Ella shifted closer to Meriwyn. “You let me keep Fluffy. And we found Fluffy in the woods.”

“Fluffy is a rabbit. You can keep rabbits. You can’t keep people like you do a pet.” The man approached his daughter and Meriwyn went rigid.

“No, Daddy,” Ella cried. “You’re scaring her. She’s not real people. We could keep her if we wanted and she could be my pretend mommy.”

He shut his eyes briefly, but not before stark pain reflected in the dark depths. “Let go of her hand, Ella. It’s time to leave.”

He shot Meriwyn a look of inquiry and then did the unthinkable. He put one hand on Ella’s arm and the other on Meriwyn’s, branding her with his touch. With gentle insistence, he parted them.

Weeping softly, the youngling loosened her grip. For a final instant, the child’s fingers clung, her grief and despair writhing like a living creature within Meriwyn’s palm. Having gained her freedom from the girl-child, the man now took it from her, his gaze holding her in place, while his hand shackled her wrist. To her confusion, small sparks flashed at the spot of their joining. Sparks of gold and silver and bronze. What bit of magic was this?

“You found my children?” he asked, jerking her attention from the smattering of sparks.

Meriwyn nodded, shifting backward and to one side. To her intense relief, his hand dropped from her arm without protest. Three steps more and she’d be safe.

His eyes narrowed and he studied her as though for the first time. His brows drew together in suspicion. “Who are you?

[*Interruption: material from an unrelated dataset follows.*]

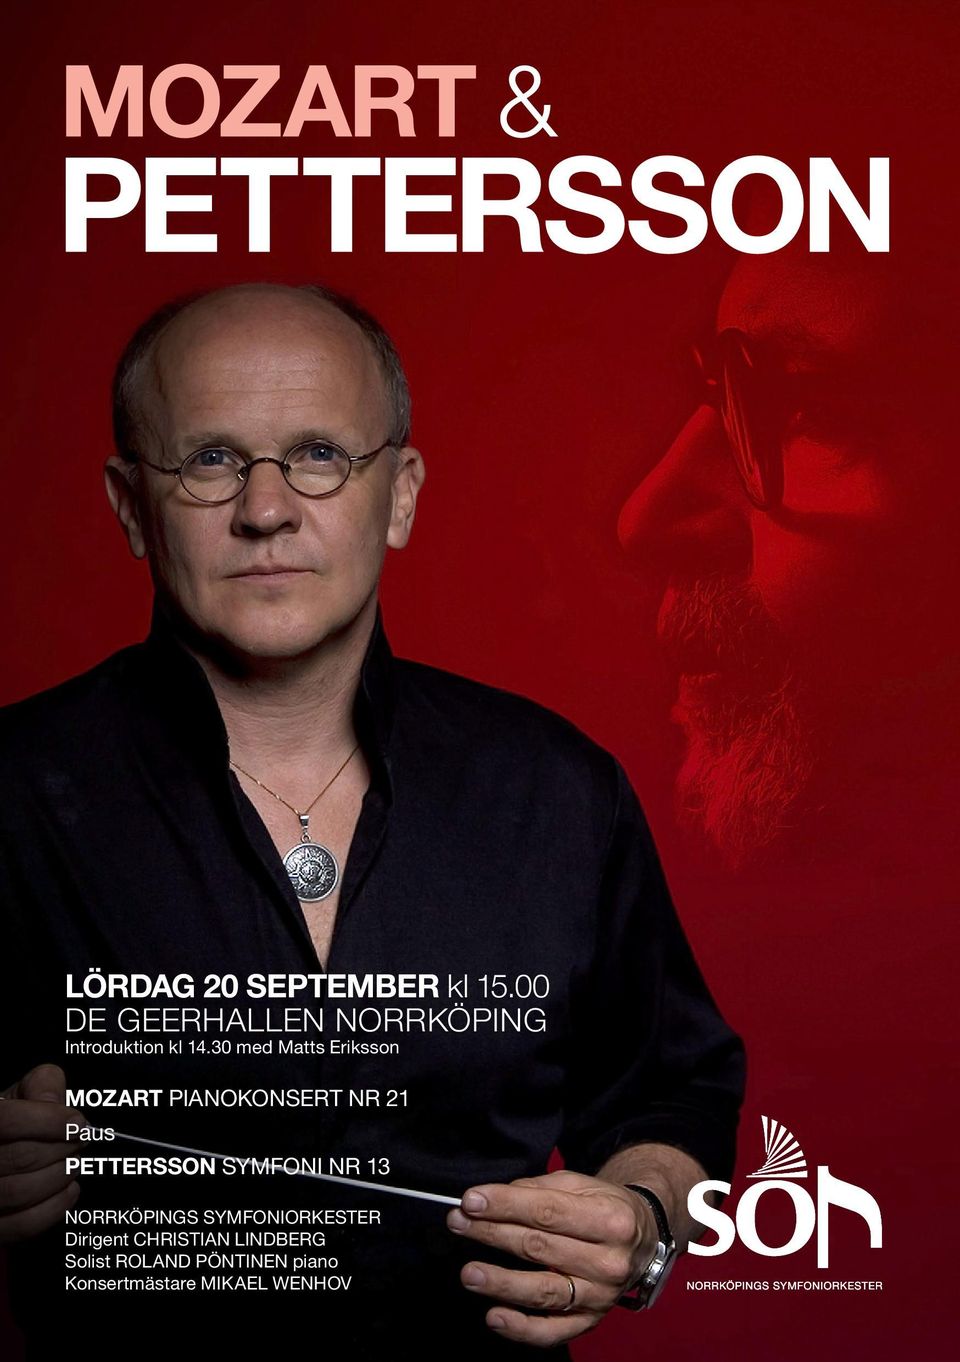 30 med Matts Eriksson MOZART PIANOKONSERT NR 21 Paus PETTERSSON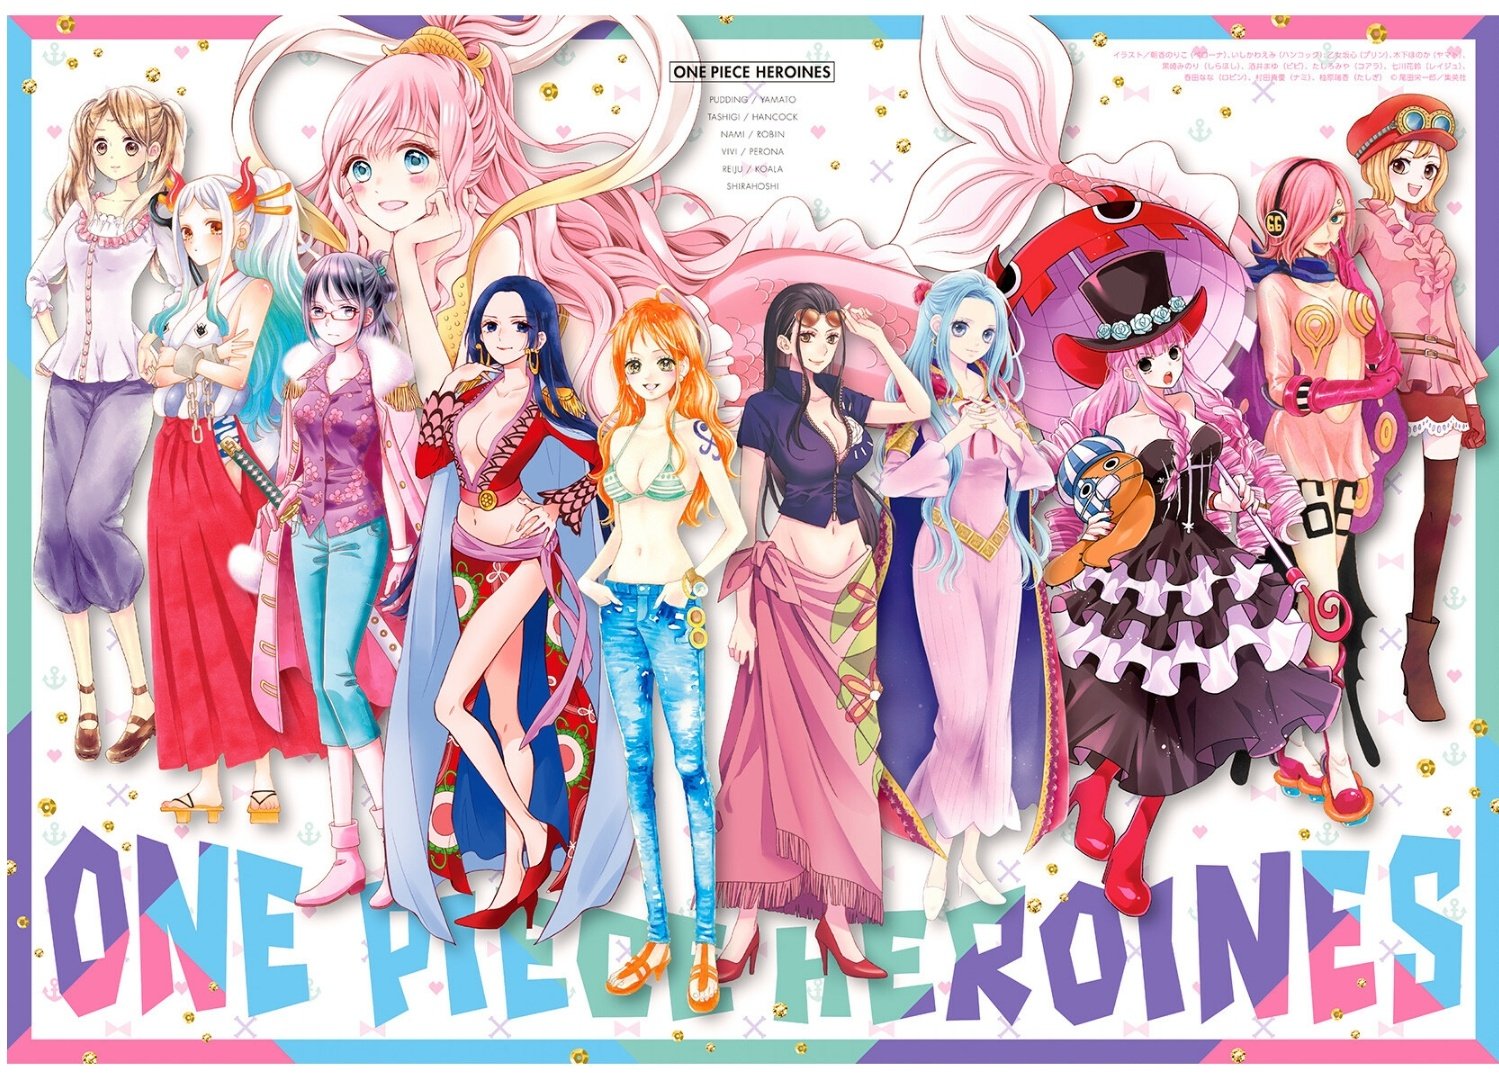 Cùng chiêm ngưỡng những hình ảnh đẹp của các nhân vật nữ trong tiểu thuyết One Piece. Những hình ảnh này làm nên sự kiện Heroines mà bạn đừng nên bỏ lỡ.

Where do you live?”

She eased back another step, at the same time answering with a vague inclination of her head toward the deeper woods. Two more steps and she’d be gone. The instant his gaze flickered, she could escape.

“Your name. What is it?” he persisted, freezing her with his dark intensity. As though sensing her intent to flee, he reached out to take hold of her again.

“Meriwyn,” she answered hastily, ducking his grasp.

She dreaded giving up the precious nugget of information he requested, but dreaded far more having him touch her again. Instinctively, she knew his touch would prove the more binding of the two.

Her softly spoken name seemed to hover between them, connecting them in some inexplicable manner. Before he could fetter her further, she took another step backward. One final step would bring her within the comforting shelter of a holly.

“Meriwyn?” He shifted forward, his eyes narrowing in the deepening gloom. She knew he struggled to see her clearly. “Wait, I—”

“Daddy, she’s going to ’sappear!” Ella cried in alarm.

For a split second, his gaze swung to his daughter and she took advantage of his distraction. Her hand dipped into the leather bag at her waist and the holly kindly cloaked her retreat into the underbrush.

She started to escape back into the woods, but at Ella’s anguished cry, she hesitated. Grumbling beneath her breath, she peeked out from the thick foliage. The youngling stood within the circle of her father’s arms, weeping disconsolately.

With a sigh, Meriwyn cupped her hands and blew. “Happy dreams, little one,” she whispered.